Ainda antes que os brancos europeus chegassem ao Brasil, esse grão já era conhecido e consumido aqui, pelos povos originais. Só que eles o comiam sem caldo, que foi acrescentado pelos portugueses. E fizeram isso devido ao fato de que, para o seu paladar, a comida nativa era muito seca. Depois, os negros escravizados trazidos da África acrescentaram também a sua contribuição, temperando o prato ao seu modo. A feijoada é obra deles, por exemplo. De qualquer modo, se percebe que esse prato nasceu miscigenado, o que lhe atribui também importância social e histórica, além da nutricional. E foi nos anos 1920, durante o Modernismo Brasileiro que foi adicionado um fator simbólico à receita. Assim é que ele assumiu uma posição identitária nacional.

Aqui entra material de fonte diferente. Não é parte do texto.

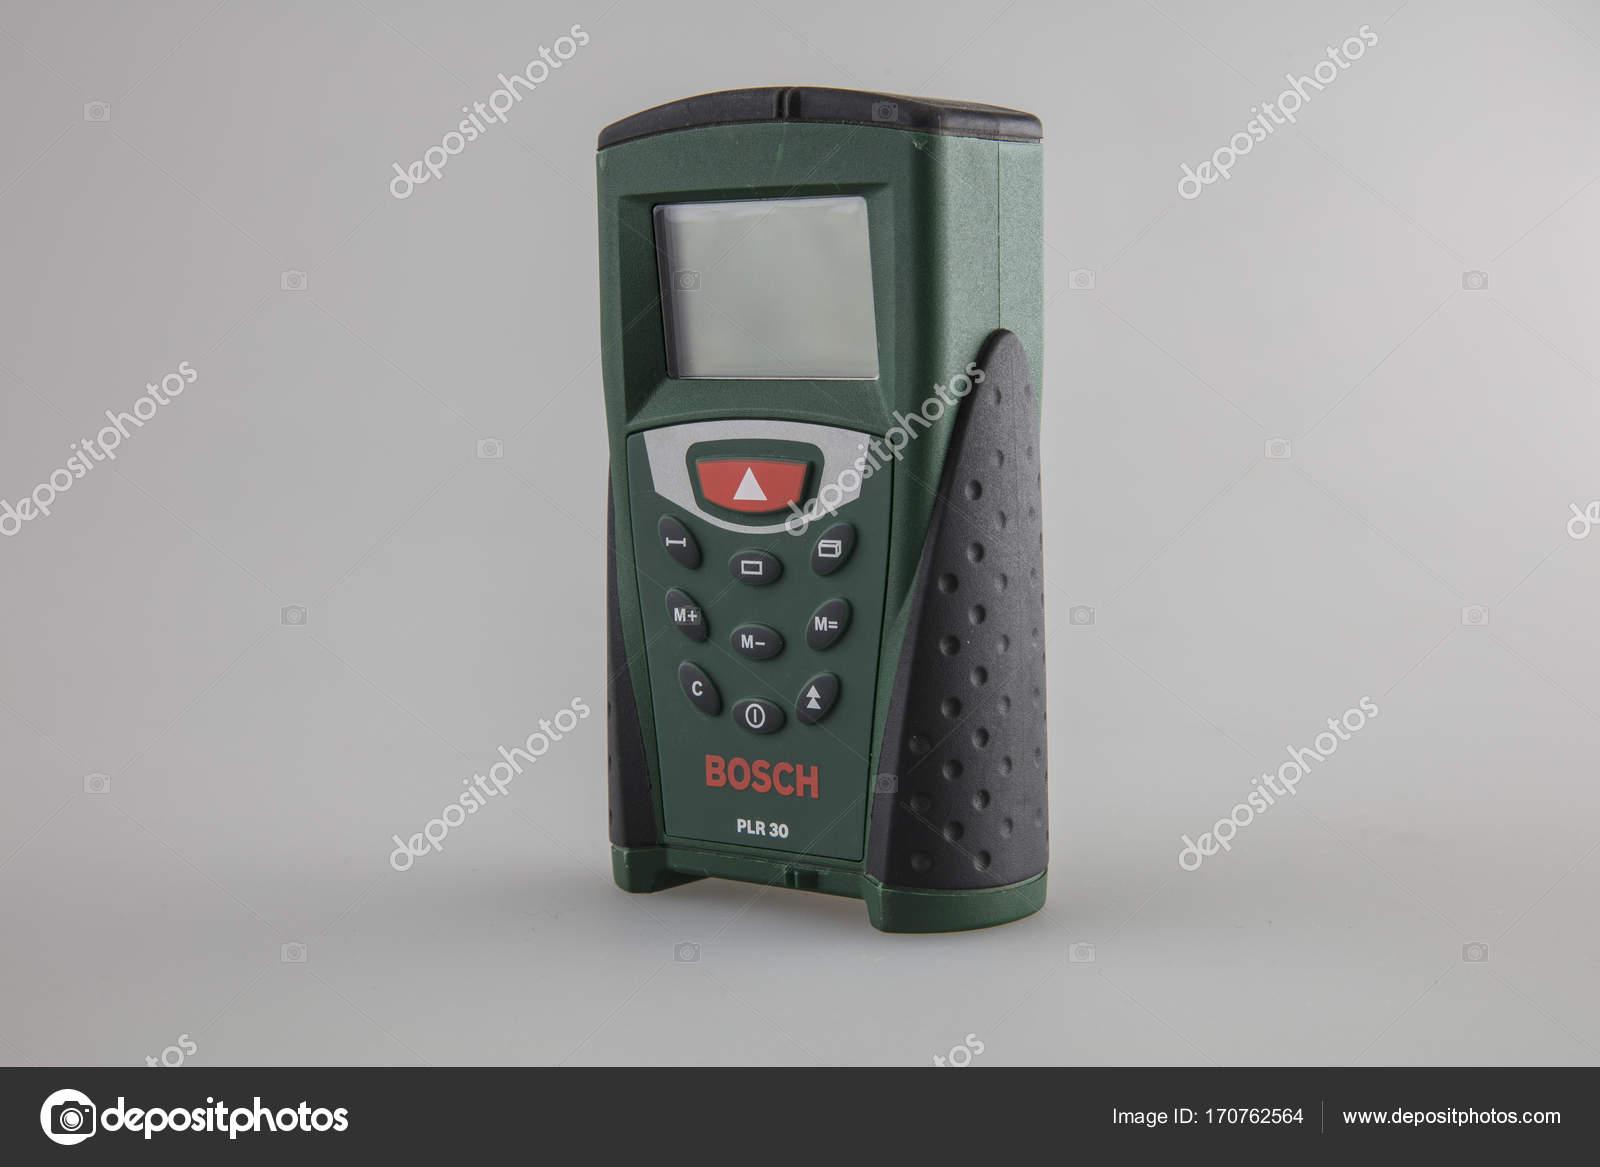 Entfernungsmesser handy: entfernungsmesser app selbst. pebble

O feijão então habitou não apenas as panelas de ferro e os pratos dos mais variados materiais. Ocupou espaço então na poesia e na música popular. Vinícius de Moraes, em seu “Feijoada à Minha Moda”, descreve com cuidado: “Em atenção ao adiantado/ Da hora em que abrimos o olho/ O feijão deve, já catado/ Nos esperar, feliz, de molho./ E a cozinheira, por respeito/ À nossa mestria na arte/ Já deve ter tacado peito/ E preparado e posto à parte./ Os elementos componentes/ De um saboroso refogado/ Tais: cebolas, tomates, dentes/ De alho – e o que mais for azado.” João Cabral de Melo Neto nos presenteou com um meta-poema chamado “Catar Feijão”. Nele o referente é um ato comum, cotidiano, onde o escolher é tão necessário quanto o cuidado para se colocar palavras numa folha de papel. Chico Buarque de Holanda se esbaldou com “Feijoada Completa”, onde lista ingredientes, incluindo torresmo, linguiça, laranja-Bahia ou seleta, farofa, pimenta, carne seca, toucinho e couve-mineira, todos eles acompanhando o astro principal, que é o feijão. A propósito: azado significa oportuno.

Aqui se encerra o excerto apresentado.